▸ **BRIEF**
Without the pictures, output all of the data exactly.

▸ **INFORMATION PROVIDED**
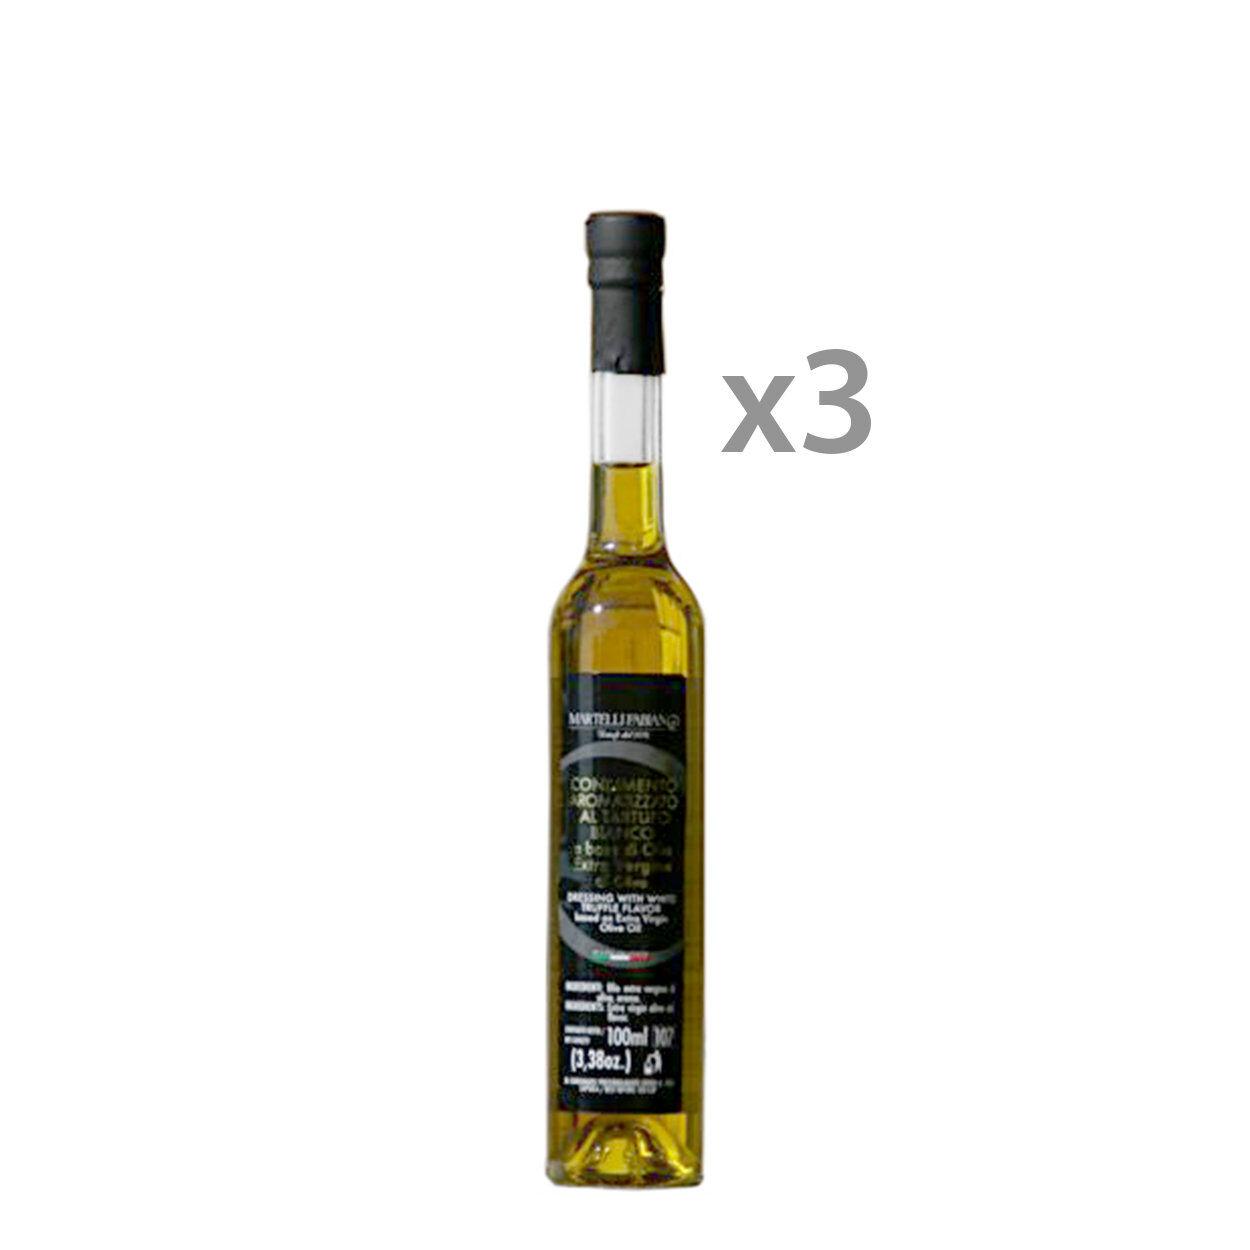 Martelli Fabiano Tartufi 3 bottiglie - Condimento aromatizzato al Tartufo Bianco 100 ml
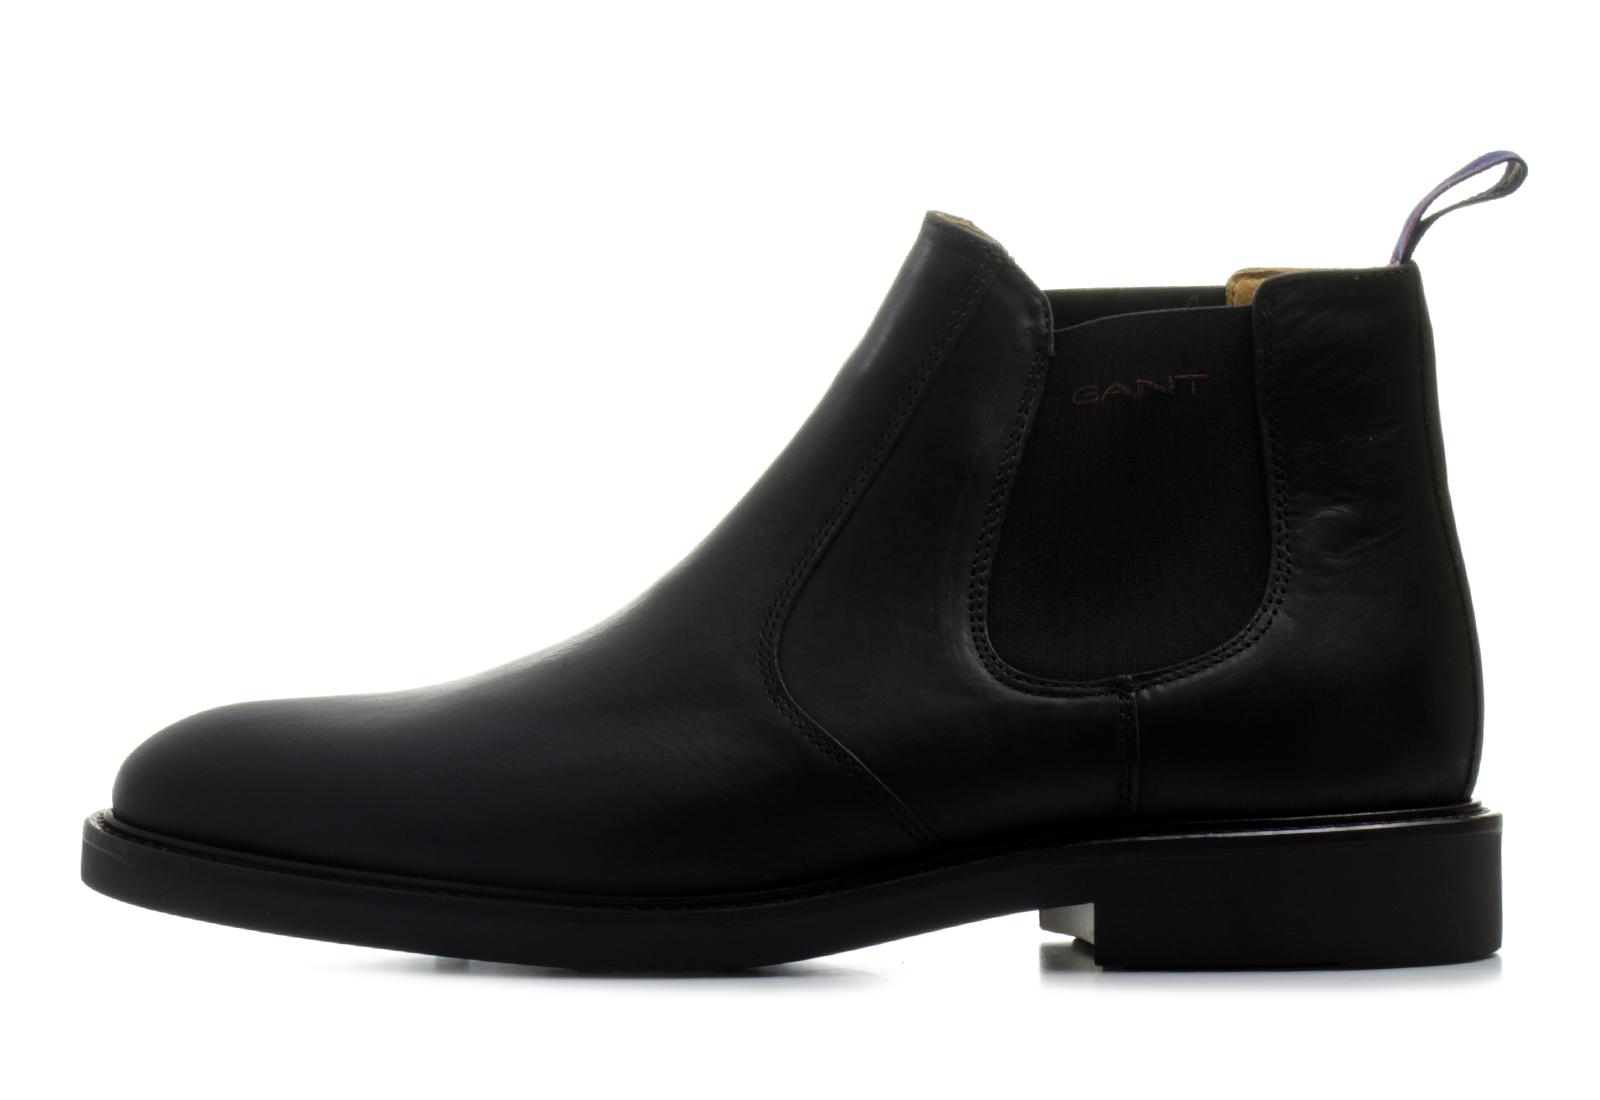 Gant Cipő - Spencer Chelsea - 15651083-G00 - Office Shoes Magyarország 351f46ffd8
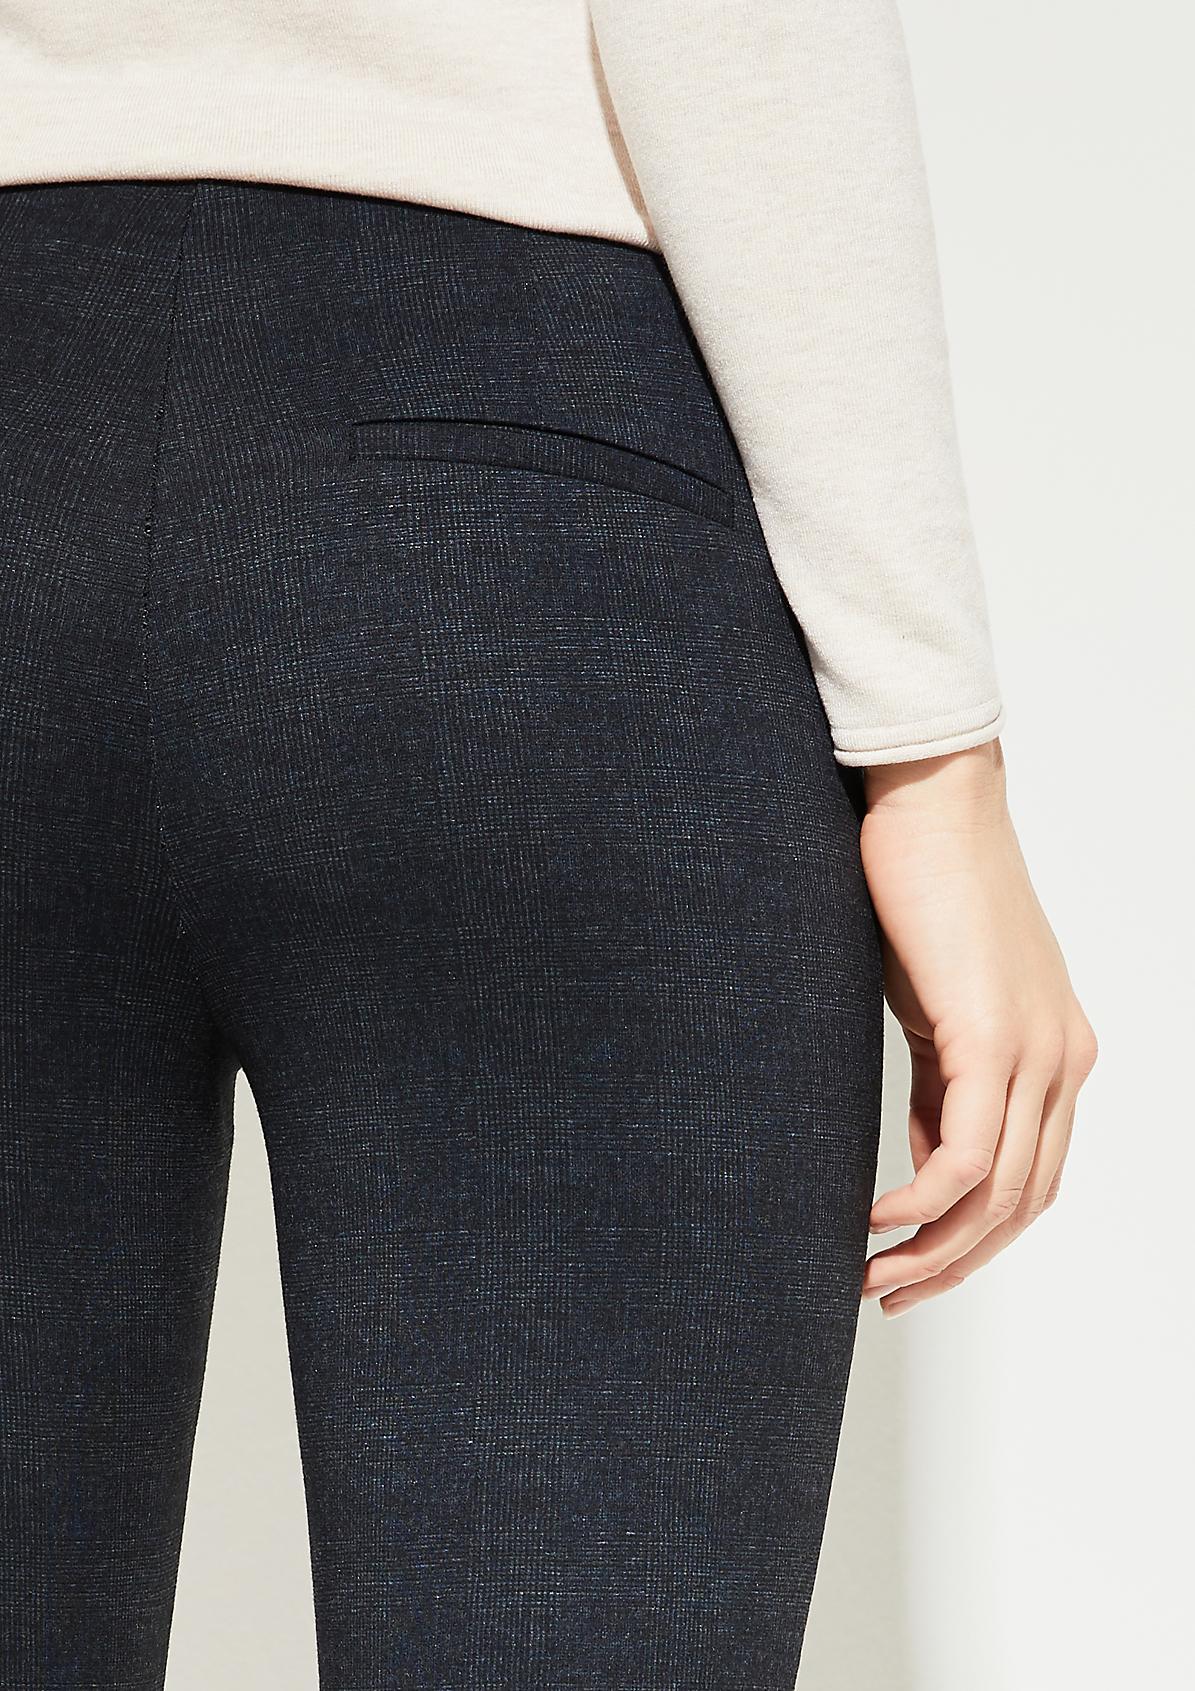 Skinny Fit: Skinny ankle leg-Hose aus elastischer Qualität

▸ **RESPONSE TO THE TASK**
 Martelli Fabiano Tartufi 3 bottiglie - Condimento aromatizzato al Tartufo Bianco 100 ml
 Gant Cipő - Spencer Chelsea - 15651083-G00 - Office Shoes Magyarország 351f46ffd8
 Skinny Fit: Skinny ankle leg-Hose aus elastischer Qualität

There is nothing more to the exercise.